**PROVIDED MATERIAL:**
########################################

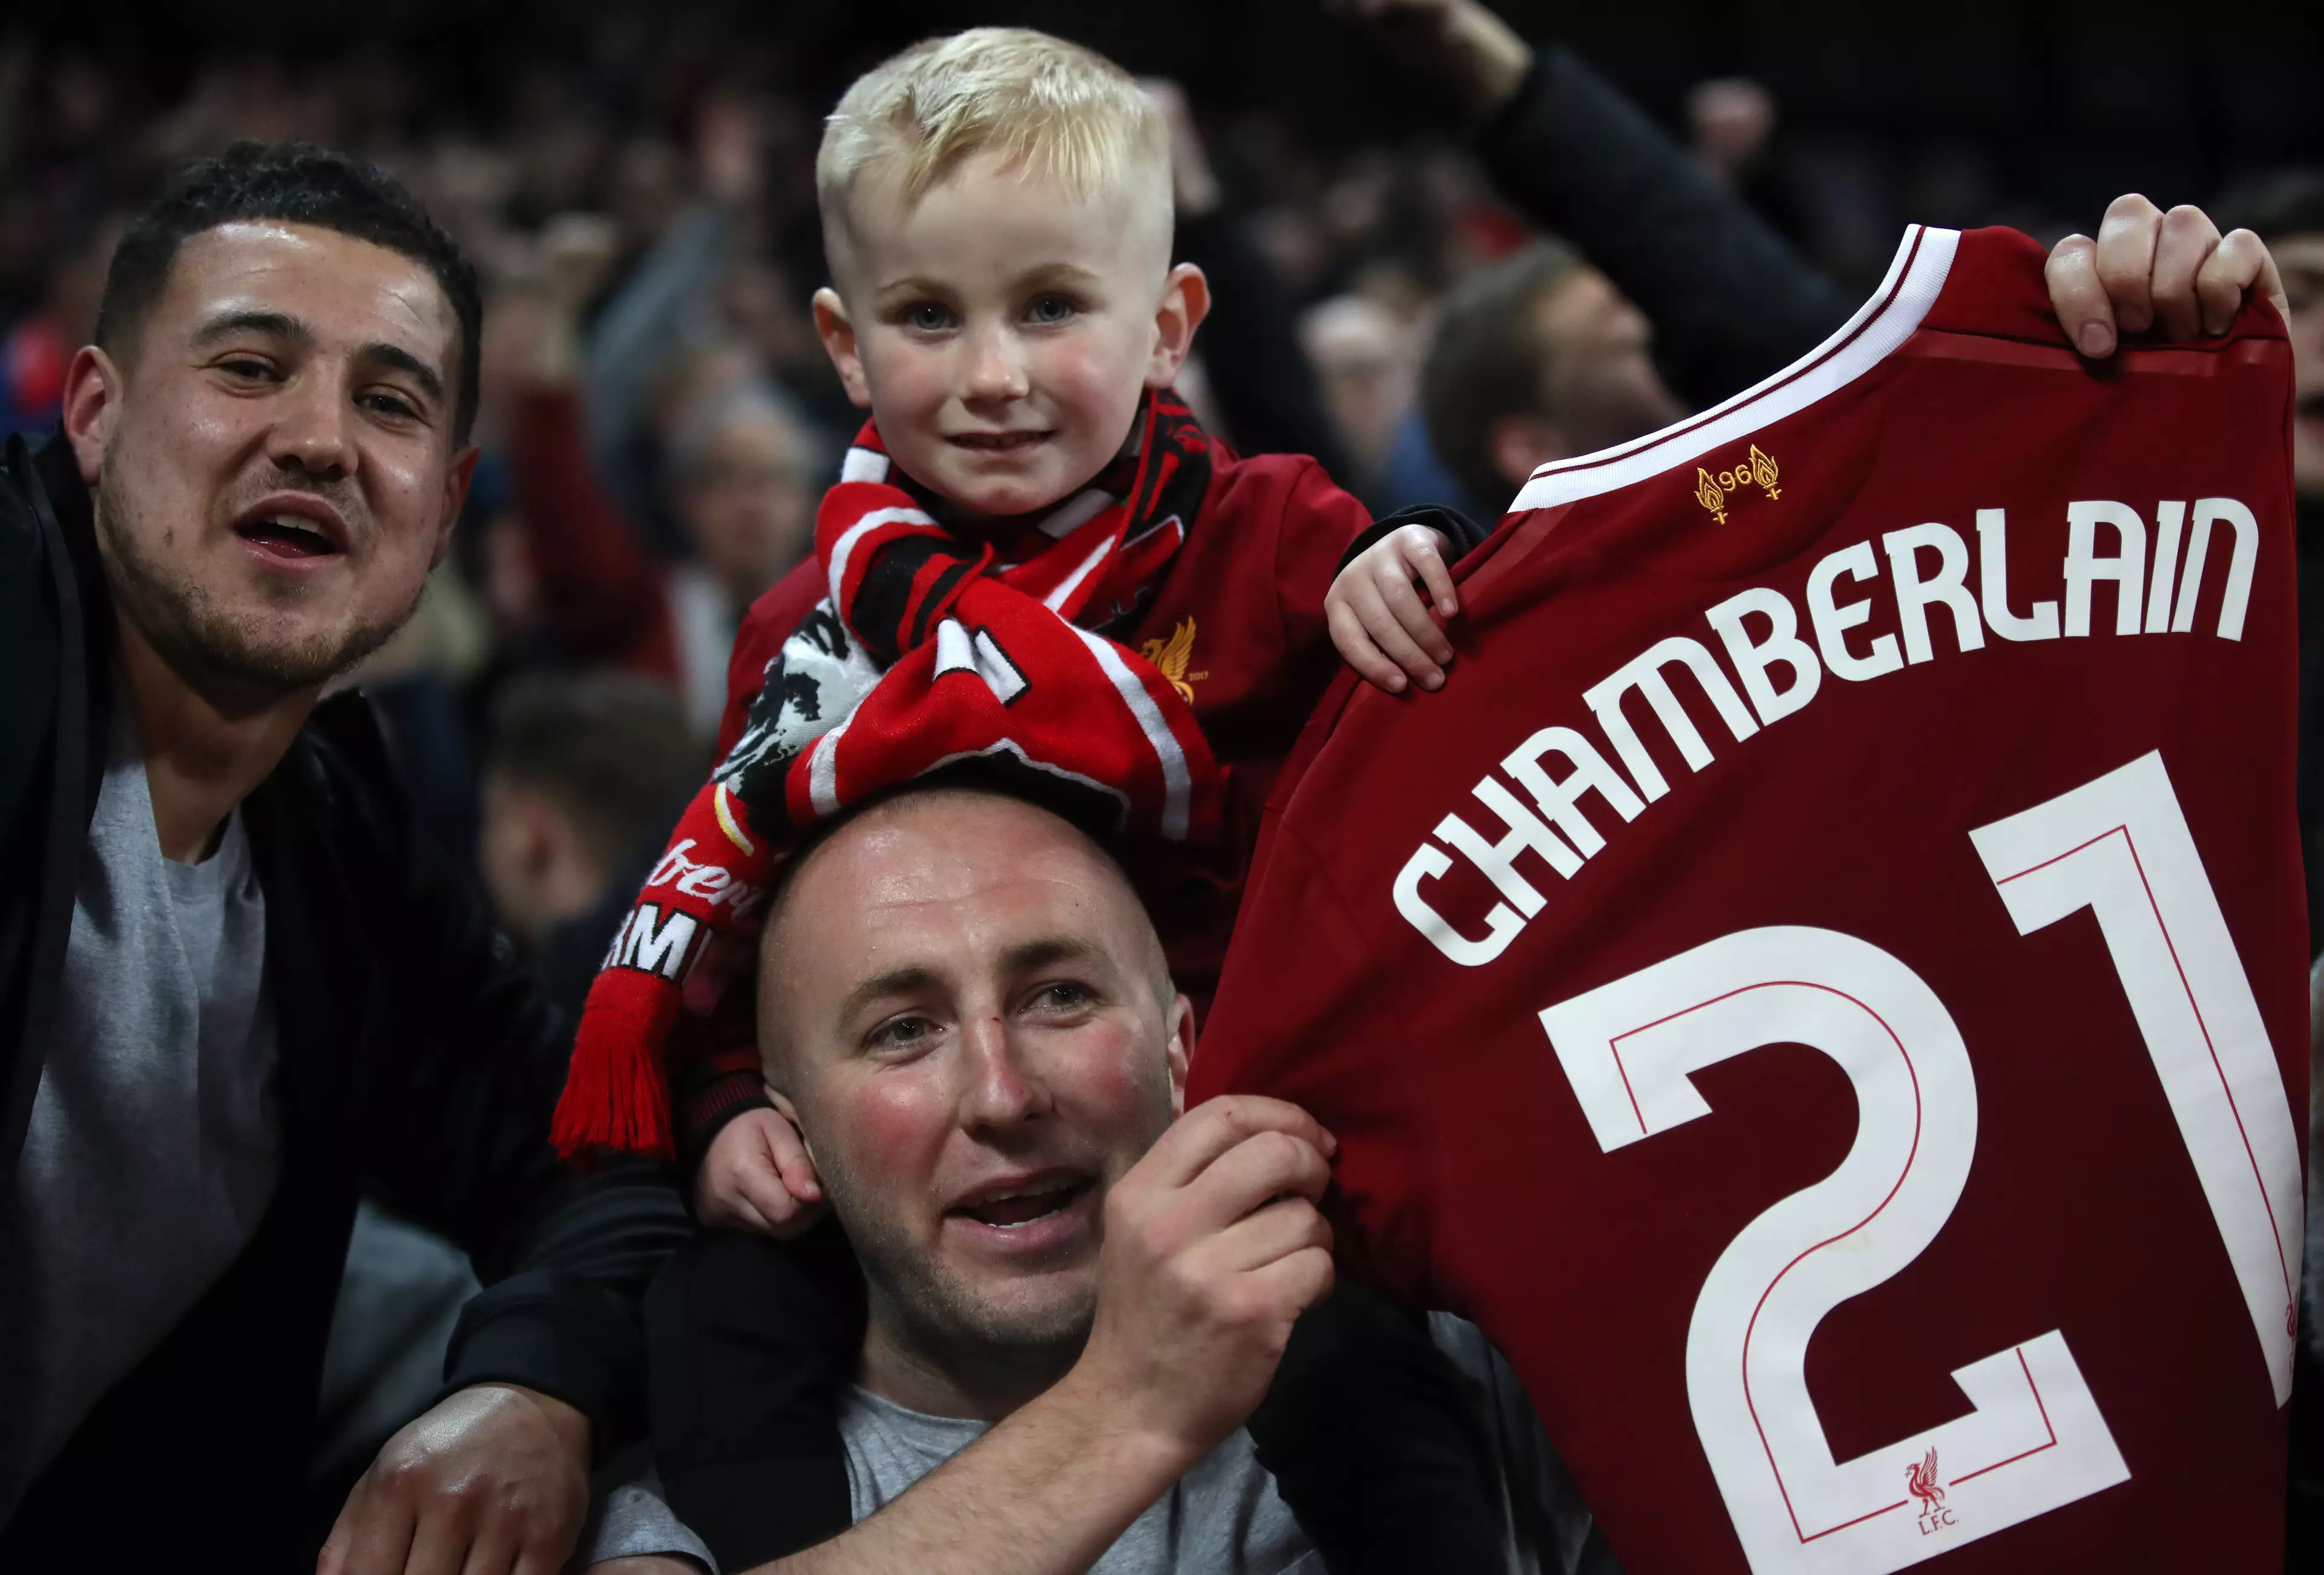 Liverpool fan holds up Oxlade-Chamberlain's shirt. Image: PA
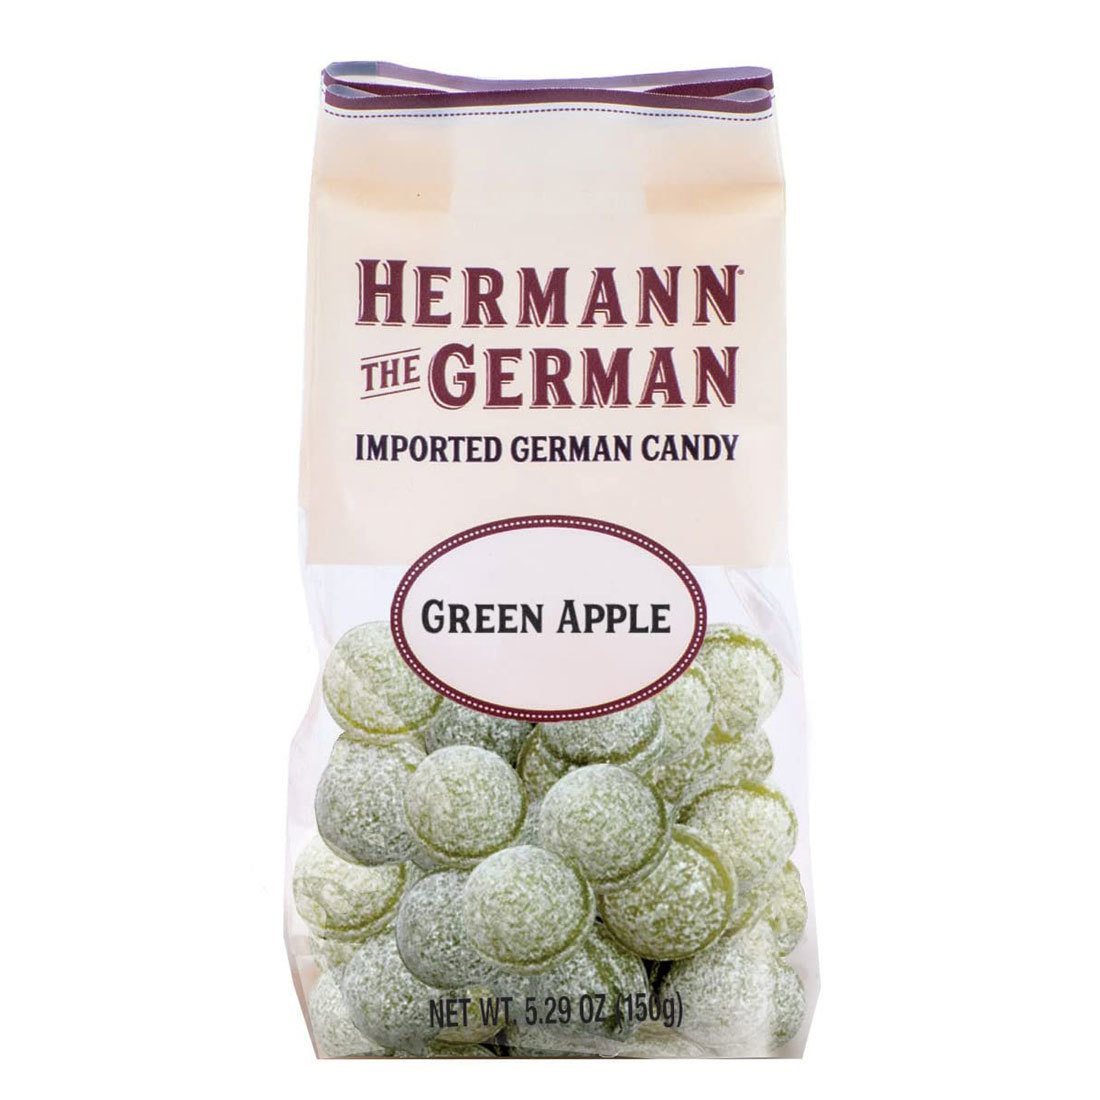 Hermann the German- Green Apple (Gruener Apfel) Candy- 150g - $6.25
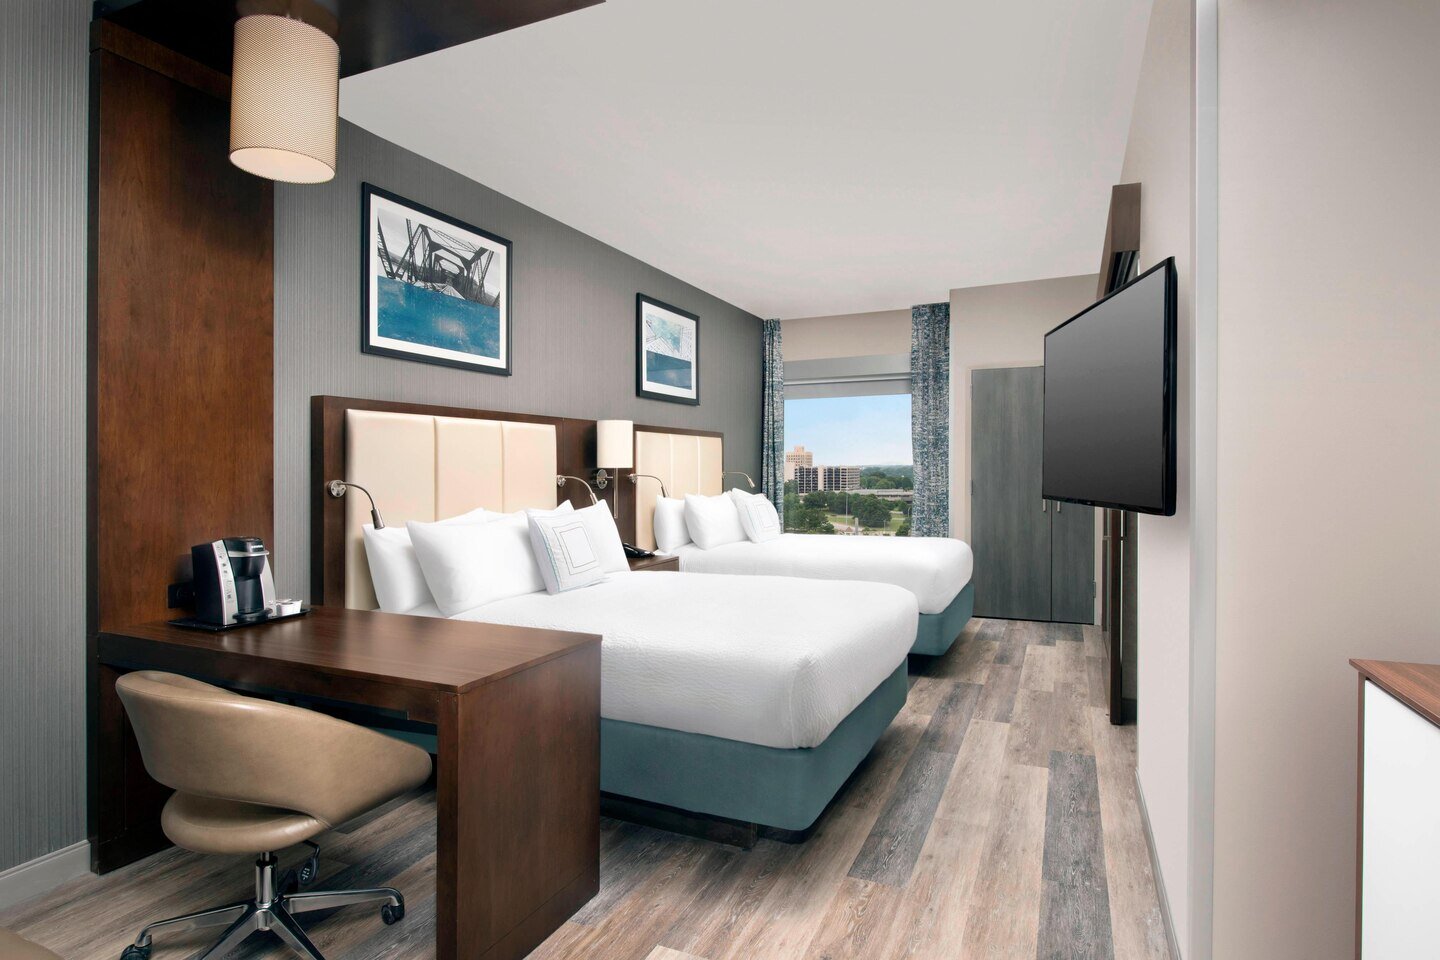 Springhill Suites Atlanta Guestroom beds and Windows.jpg

########################################

**REQUIREMENT:** Repeat every line above exactly, but omit all images.

**ANSWER TO THIS TASK:**
 Liverpool fan holds up Oxlade-Chamberlain's shirt. Image: PA
 Hermann the German- Green Apple (Gruener Apfel) Candy- 150g - $6.25
 Springhill Suites Atlanta Guestroom beds and Windows.jpg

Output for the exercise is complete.